Alternatives to Banned Sunscreens:
So what can a tourist in Hawaii do to help preserve the environment and protect themselves from the sun? Obviously, you want to avoid wearing sunscreens that contain the two soon-to-be prohibited ingredients.
Instead, look for mineral-based sunscreen formulas made with zinc oxide or titanium oxide. These two ingredients are less toxic to humans and marine life and are considered "reef friendly."
A good rule of thumb is to look for sunscreens with a simple amount of ingredients. They're less likely to contain components that can damage the sea in other ways. Organic sunscreens and children's formulas are often safer bets.
In addition to wearing these other types of sunscreens, don't forget to protect your skin in other ways from the sun when not swimming in the ocean.
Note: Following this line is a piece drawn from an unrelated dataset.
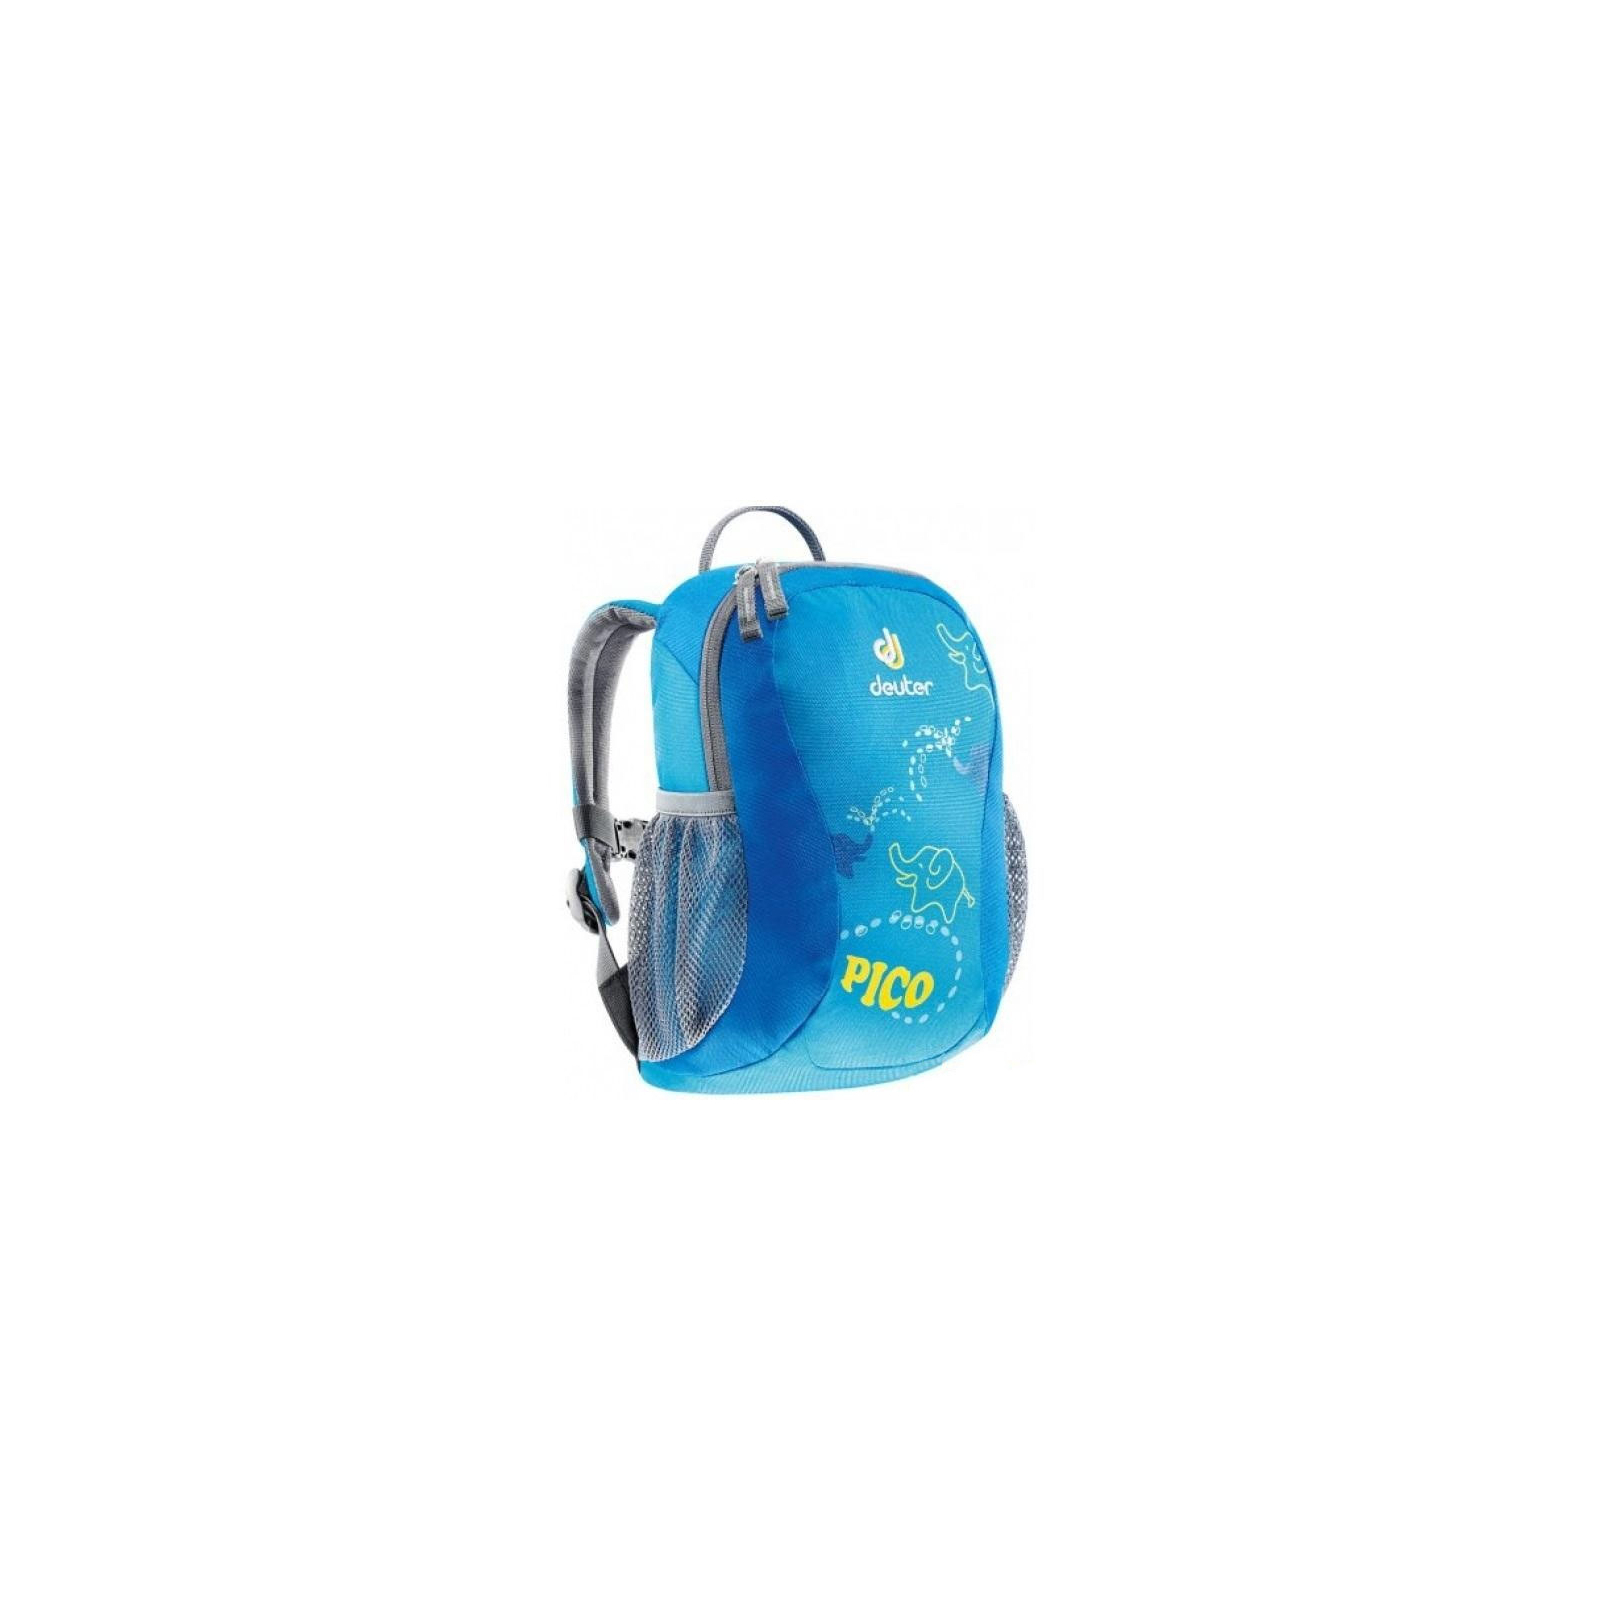 Рюкзак туристический Deuter Pico turquoise (36043 3006)

Wear a hat with a brim wide enough to shield your face from the sun's rays. Sunglasses are also a must. Use a beach umbrella to hide underneath while you relax or reapply sunscreen.
UV or sun protection clothing blocks both UVA and UVB rays. When choosing this type of clothing, look for an Ultraviolet Protection Factor (UPF) of at least 30 or more to protect your skin. The higher the UPF number, the less UV radiation can pass through it.
By contrast, a plain white cotton t-shirt has a general UPF rating of only five, which means it offers very little protection against the sun. Sun protection clothing is designed of breathable materials that shield you from the sun.
Mind the Other Products You Use at the Beach:
Besides sunscreen, many people use other beauty products at the beach such as body moisturizer, skin cream, and spray-on hair condition.
The problem is these products often contain chemicals that can harm ocean life just as much as sunscreens can.
The solution? Use beauty products and brands that contain as many natural ingredients as possible. Whish is an example of a company dedicated to making the natural body, face, and hair products.
Know the Facts About the Hawaii Sunscreen Ban:
Knowing these facts about the Hawaii sunscreen ban will help you make informed decisions about what types of sunscreen you should wear when visiting the state. You can also feel confident knowing you are helping the environment and the area's marine life by wearing appropriate sunscreen.